WordPress Modern Events Calendar Lite plugin <= 6.5.1 - Authenticated Stored Cross-Site Scripting (XSS) vulnerability
No known patch is available for this vulnerability.
The affected plugin has been removed from the WordPress.org directory (reason: Guideline Violation), and no patched version is being distributed through the official directory. If you have the affected software installed, you should uninstall or replace it rather than wait for an update.
Description
Authenticated (admin+ user) Stored Cross-Site Scripting (XSS) in Modern Events Calendar Lite (WordPress plugin) <= 6.5.1
AI Insight
LLM-synthesized narrative grounded in this CVE's description and references.

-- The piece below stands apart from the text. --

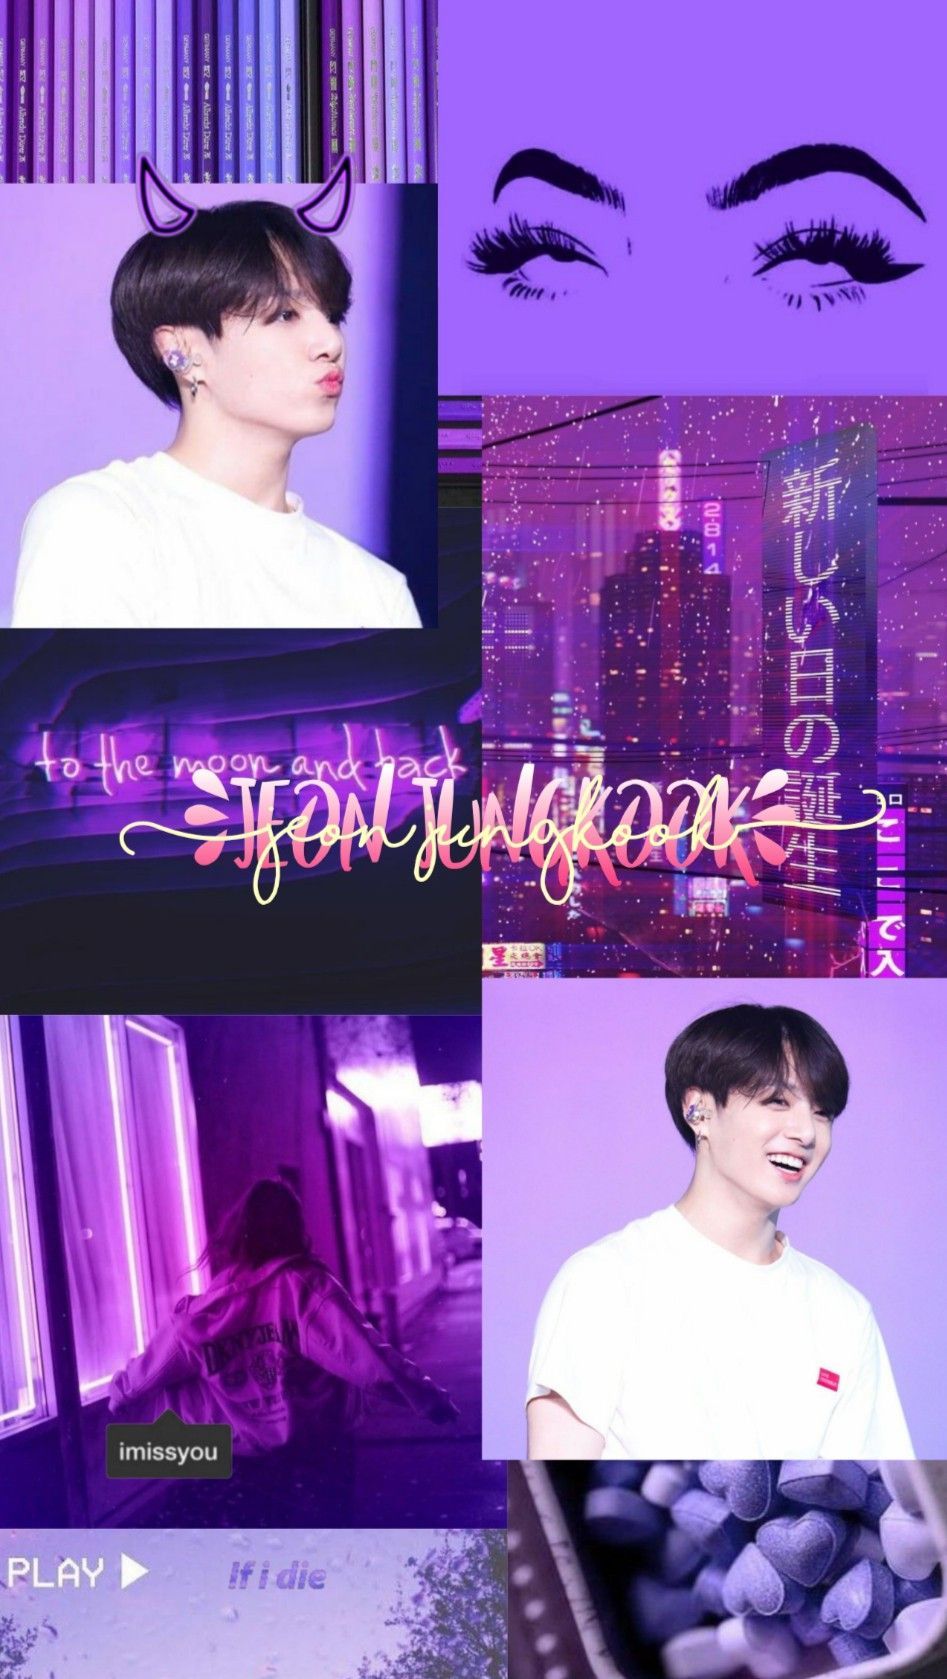 A collage of pictures with different colors and text - Jungkook
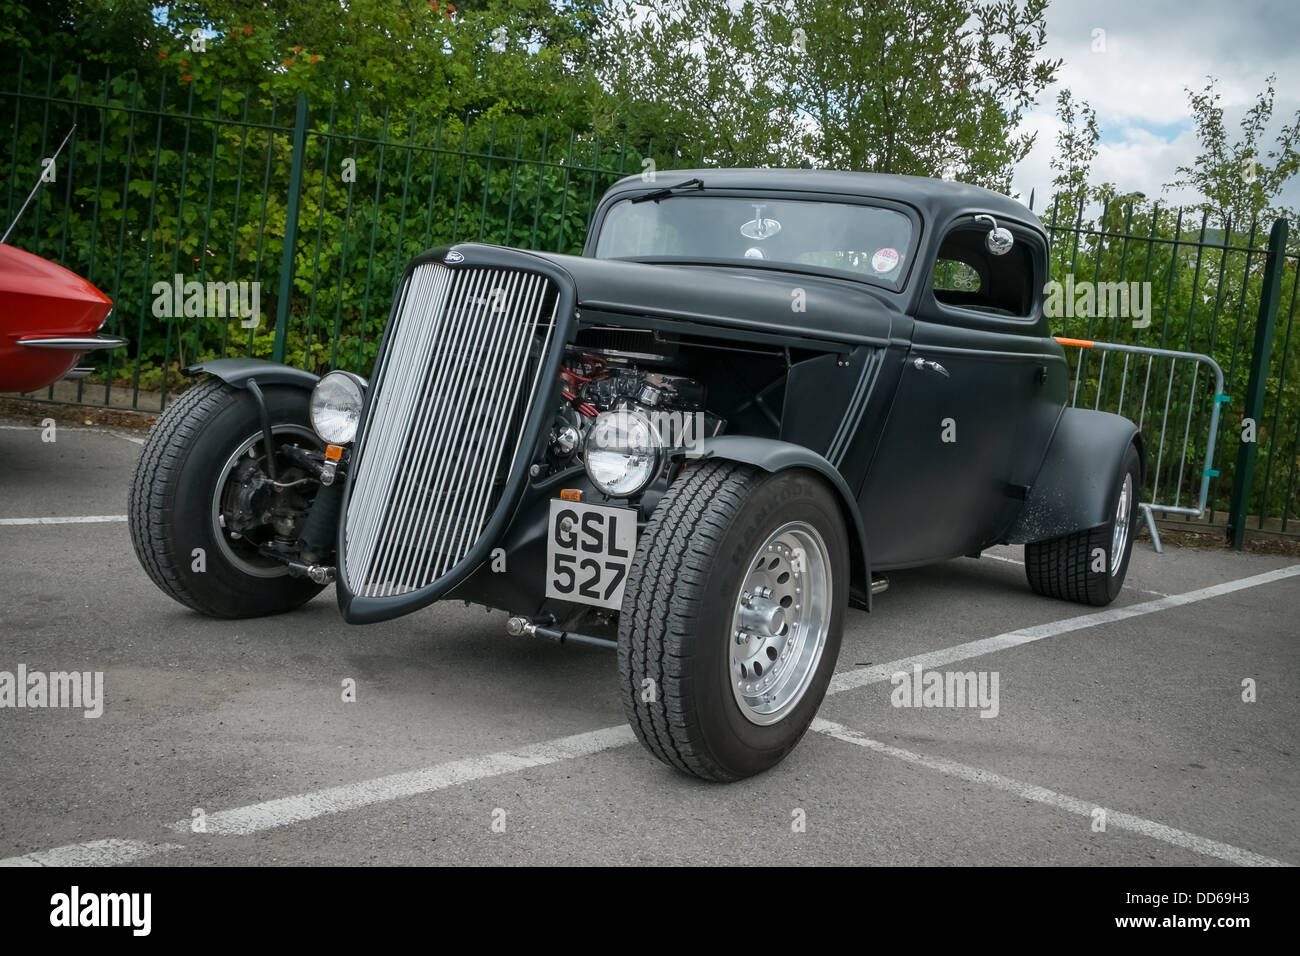 WEYBRIDGE, SURRY, UK - AUGUST 18:  Black Ford Hot Rod Coupe on show at the annual Brooklands Motor Museums Mustang and Anything Stock Photo

Authenticated stored XSS in Modern Events Calendar Lite <=6.5.1 allows admin+ users to inject malicious scripts, leading to site compromise.
Vulnerability
The Modern Events Calendar Lite WordPress plugin versions up to and including 6.5.1 contain a stored cross-site scripting (XSS) vulnerability. An authenticated user with administrator-level privileges (or higher) can inject arbitrary JavaScript into the plugin's settings or event data, which is then stored and executed when other users or visitors view the affected pages. [1]
Exploitation
An attacker must have an admin+ account on the WordPress site. They can then craft a malicious payload (e.g., JavaScript) and inject it into a vulnerable input field within the plugin's admin interface. No additional user interaction is required for the stored XSS to execute when the page is loaded by other users. [1]
Impact
Successful exploitation allows the attacker to execute arbitrary JavaScript in the context of the victim's browser. This can lead to session hijacking, defacement, redirection to malicious sites, or theft of sensitive information. The attack can affect any user who visits the compromised page, including site visitors. [1]
Mitigation
The vendor released version 6.5.2 to fix the vulnerability. However, as of May 11, 2022, the plugin has been permanently closed and removed from the WordPress.org plugin directory due to a guideline violation [2]. Users who have the plugin installed should immediately uninstall it and consider alternative event calendar plugins. If version 6.5.2 is available from other sources, updating to that version will resolve the XSS issue. [1][2]
AI Insight generated on May 24, 2026. Synthesized from this CVE's description and the cited reference URLs; citations are validated against the source bundle.
Affected products
2- Range: <=6.5.1
- Range: <= 6.5.1
Patches
0modern-events-calendar-liteThis plugin has been removed from the WordPress.org directory on 2022-05-11 (reason: Guideline Violation). No patched version is being distributed through the official directory. Users who have it installed should uninstall it.
Source: api.wordpress.org · directory page
Vulnerability mechanics
AI mechanics synthesis has not run for this CVE yet.
References
2News mentions
0No linked articles in our index yet.